Baynote CF for IngentaConnect December 1, 2007Posted by Andre Vellino in Collaborative filtering, Digital library, Recommender, Recommender service.
It’s validating to see that there are commercial offerings for recommender systems in digital libraries. My colleague Richard Akerman, blogger extraordinare for all things digital library, pointed me to this announcement by IngentaConnect declaring that they are using Baynote to provide collaborative filtering recommendations for scholarly publications. The announcement reads:
… a new partnership with content guidance pioneer Baynote will see IngentaConnect providing “more like this” article recommendations based on both the current context but also, more unusually in scholarly publishing, the user’s previous behaviour.
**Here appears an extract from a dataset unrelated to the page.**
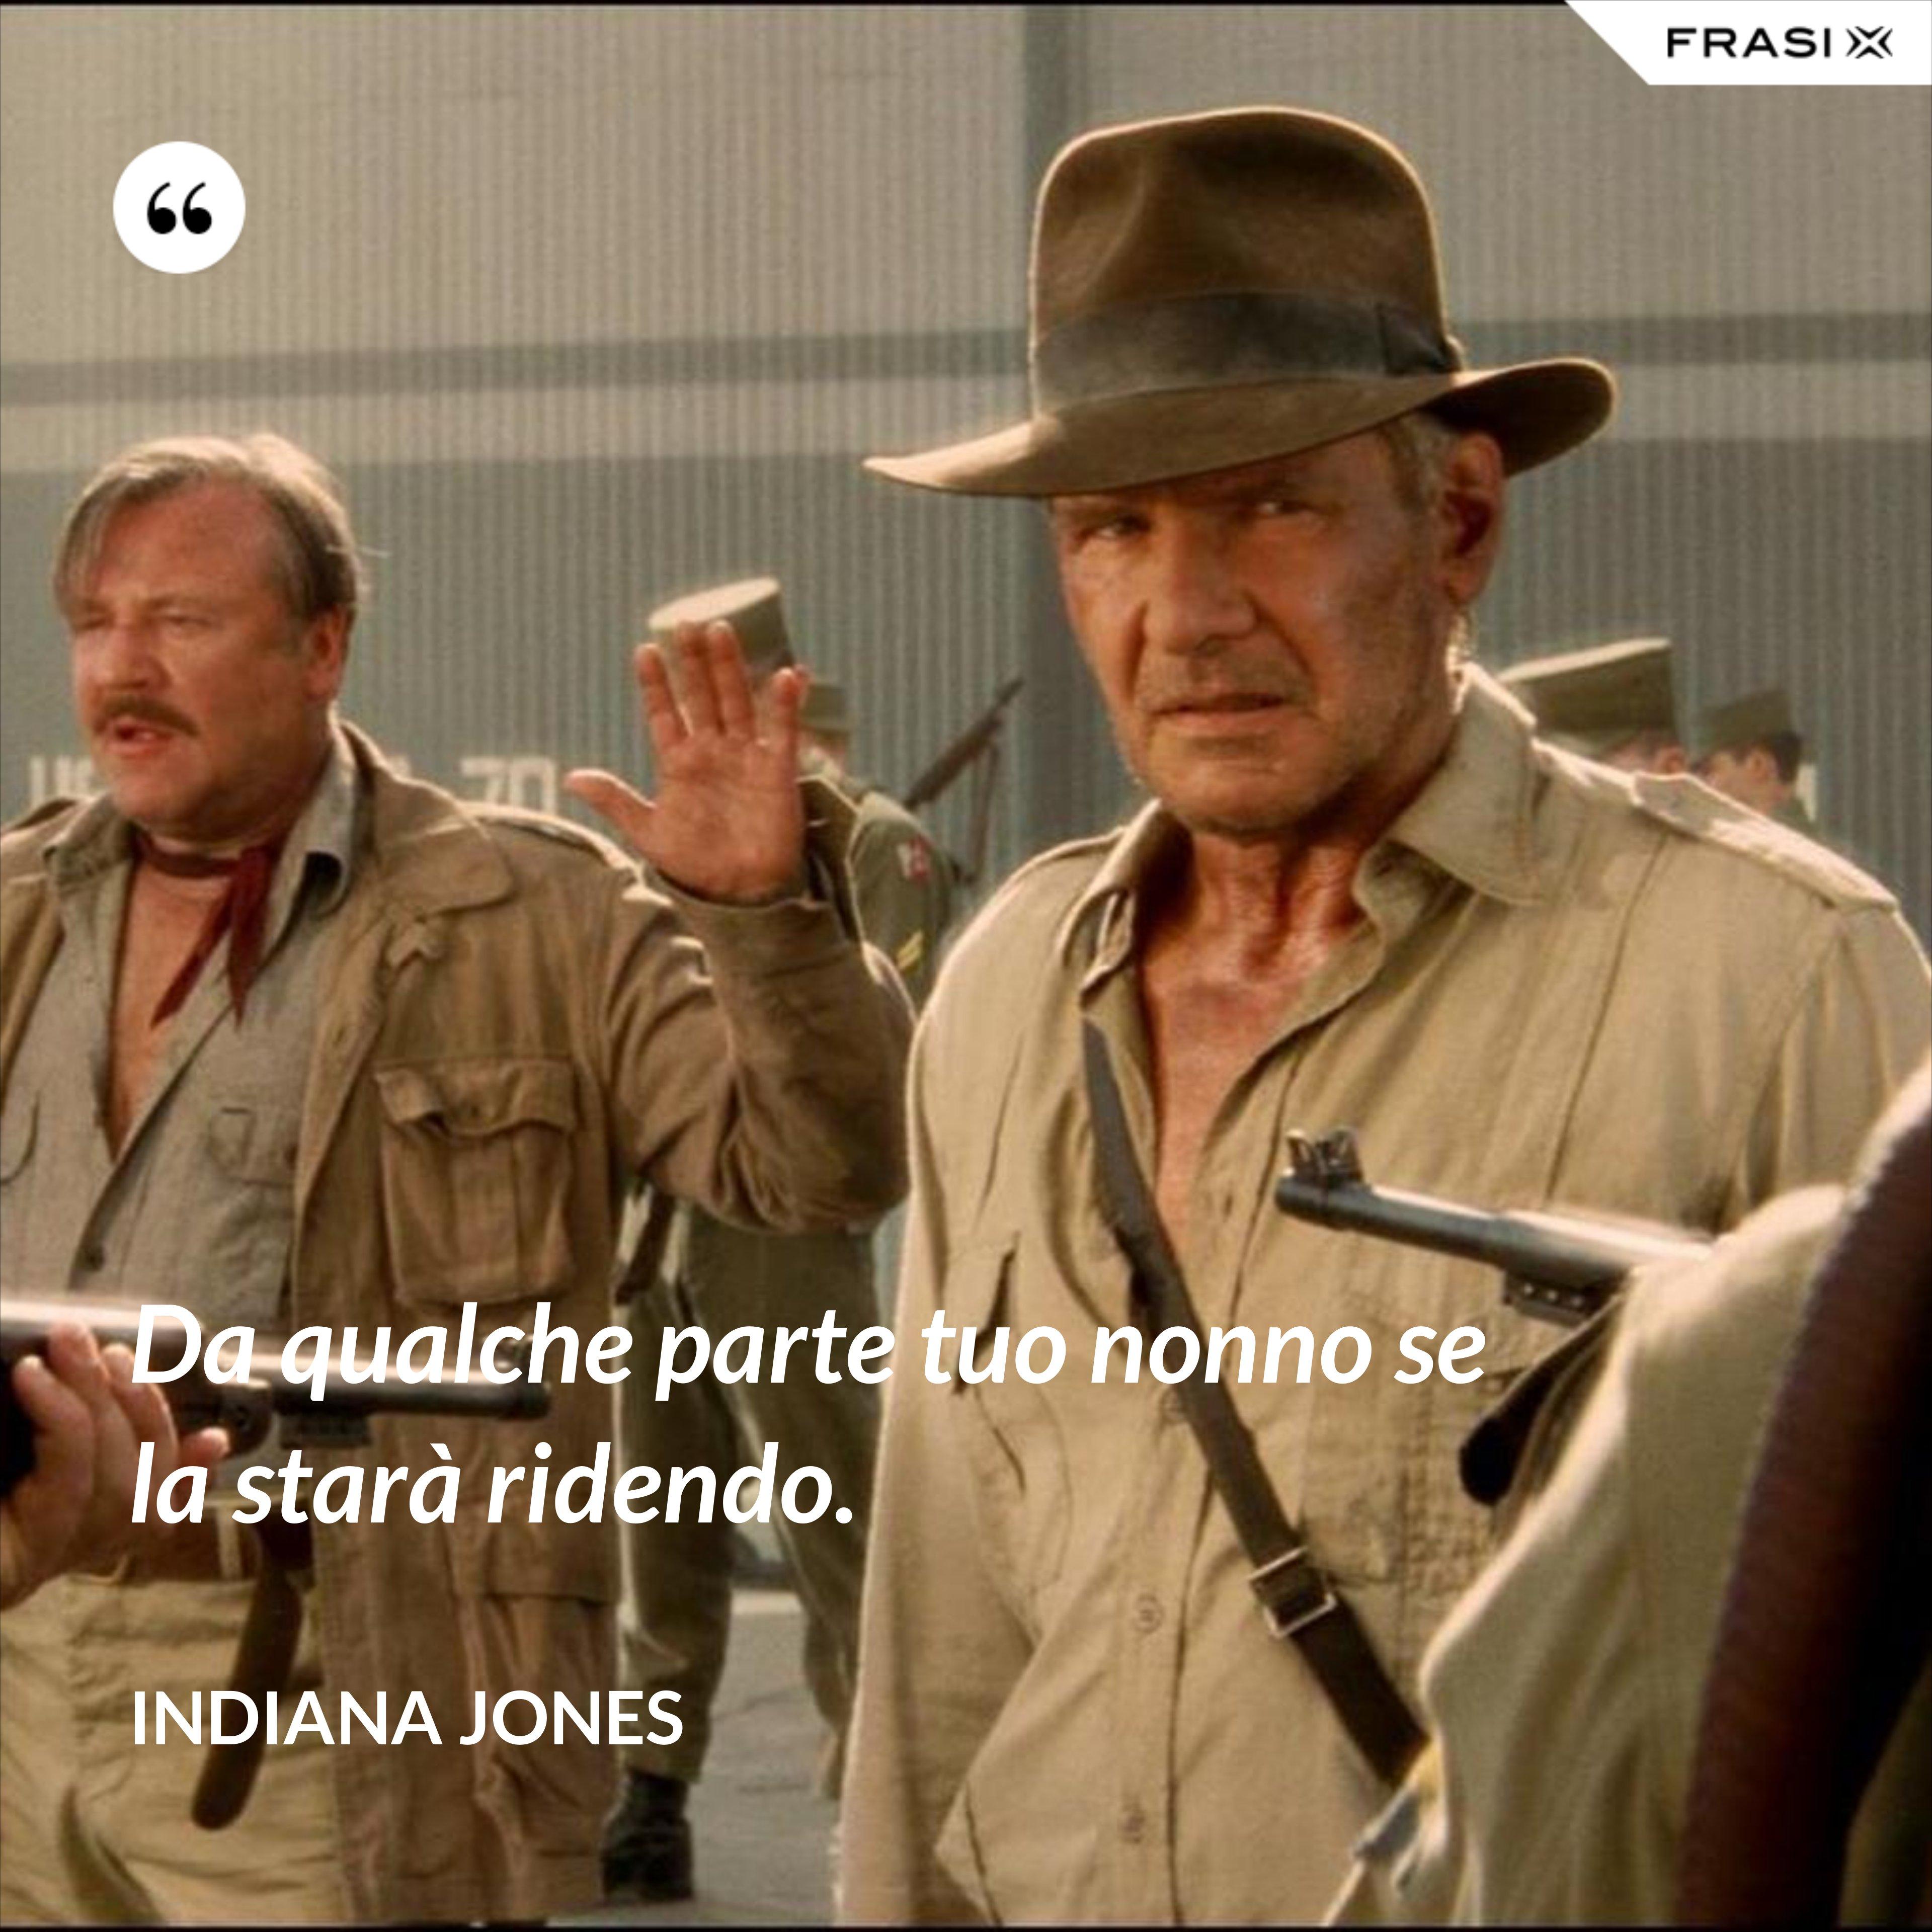 Da qualche parte tuo nonno se la starà ridendo. - Indiana Jones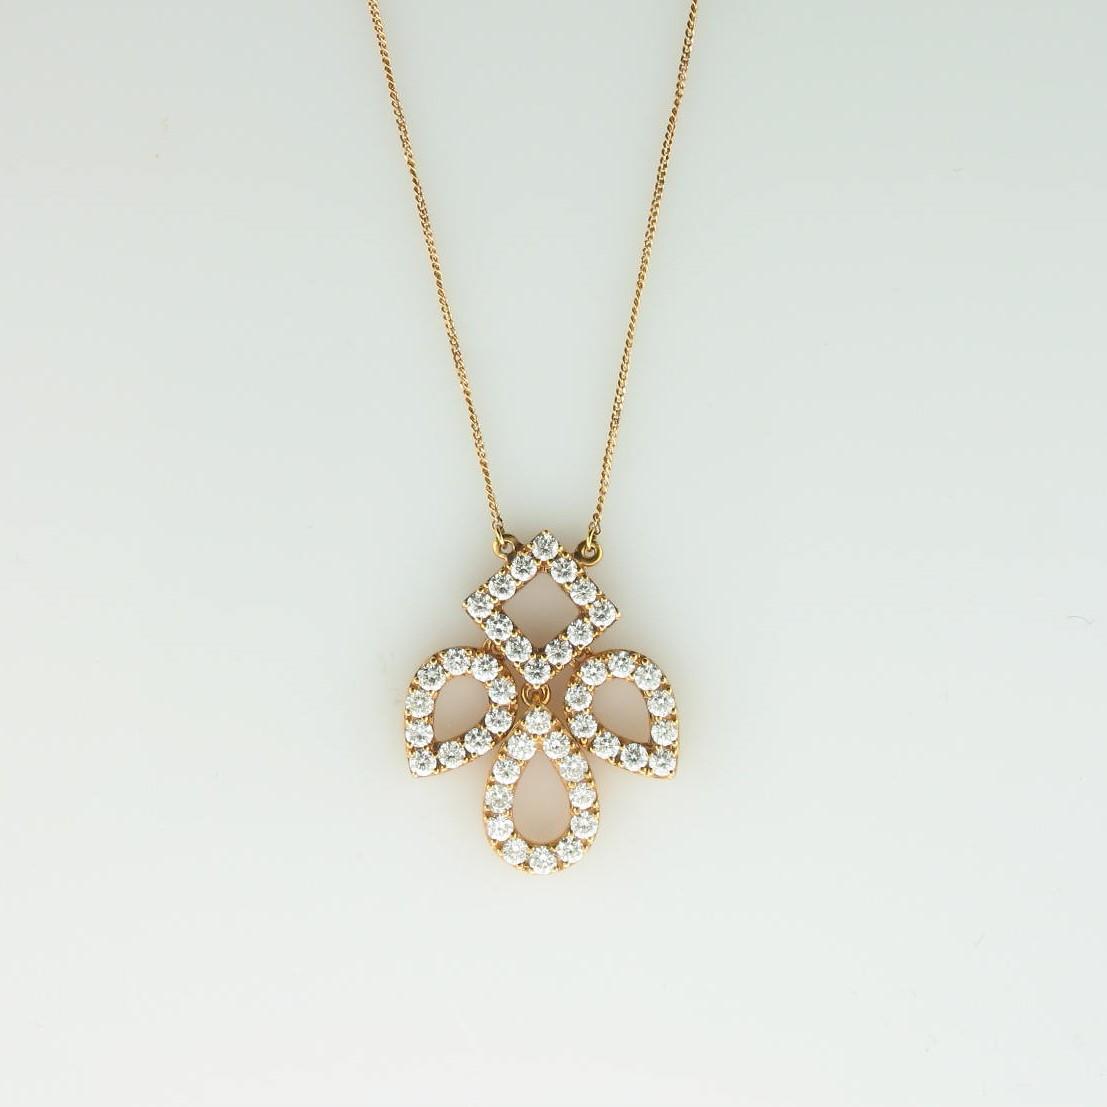 0.86tcw Diamond Necklace Set in 18 Karat Rose Gold

Articles reviewed or acquired by users with similar interests and behaviour will be recommended for consideration and potential purchase.
The “more about how it works” section reads:
… context and behaviour are combined to determine the user’s intent, which is then analysed for relevance to that of the site’s other users; patterns that emerge from this analysis are used to recommend additional content which is more likely to be of interest and relevance to the user than regular, contextual recommendations. Sophisticated behavioural analysis monitors not simply clicks and page views, but also the length of time that a user spends on the page and the type of activities that they carry out there.
I’m not quite sure what “regular, contextual recommendations” means exactly – probably TF*IDF-based content-similarity “more like this” – but I think the overall claim from BayNote is that clickstream data holds the secret to harvesting implicit user-ratings for collaborative filtering recommendations.
The marketing blurb on the Baynote web site says:
By silently observing more than twenty different user actions on your site, Baynote identifies virtual communities of like-minded visitors who have similar intent.
Baynote identifies emerging patterns among the visitors which represents the collective wisdom of the crowd. These emerging patterns represents the true intent of the visitors.
Sounds too simple to be true, doesn’t it? However good your implict rating scheme is, there has to be a lot more going on behind the scenes. If Baynote does the CF recommendations for the customer (library), then it must at least have a catalogue of the customer’s offerings (to make the item recommendations) as well as user-browsing data to do the collaborative filtering. Unless, of course, the items that are being recommended are advertisers items, in which case the catalogue isn’t the library’s but the advertizers’.
This kind of approach will no doubt be better than plain content analysis for advertisers. But my hunch is that this isn’t likely to work that well for end-users of a digital library.
For one thing, there’s the privacy issue with sparse, anonymized data-sets. Nobody seems to mind Google Analytics on e-commerce web sites and blogs, but what the end-user is searching and browsing in a digital library could be highly confidential. Imagine a forensic pathologist investigating the death of Alexander Litvinenko and searching for scientific data on the toxicity of Polonium 210. The browsing behaviour of such a session might not be something that should be used to provide recommendations for other users.
Also, if BayNote are following the DL recommender research from the GroupLens team the recommender service needs more than just the items in the catalogue, it needs citation meta data as well to seed its ratings matrices – the way TechLens does. Yet unless the collection’s catalogue is highly homogeneous or has a large number of well-referenced entries, this may not be a feasible strategy because of the sparsity of references that have entries in the collection’s catalogue.
At any rate, this is an interesting development and I’m looking forward to finding out more about how this approach works.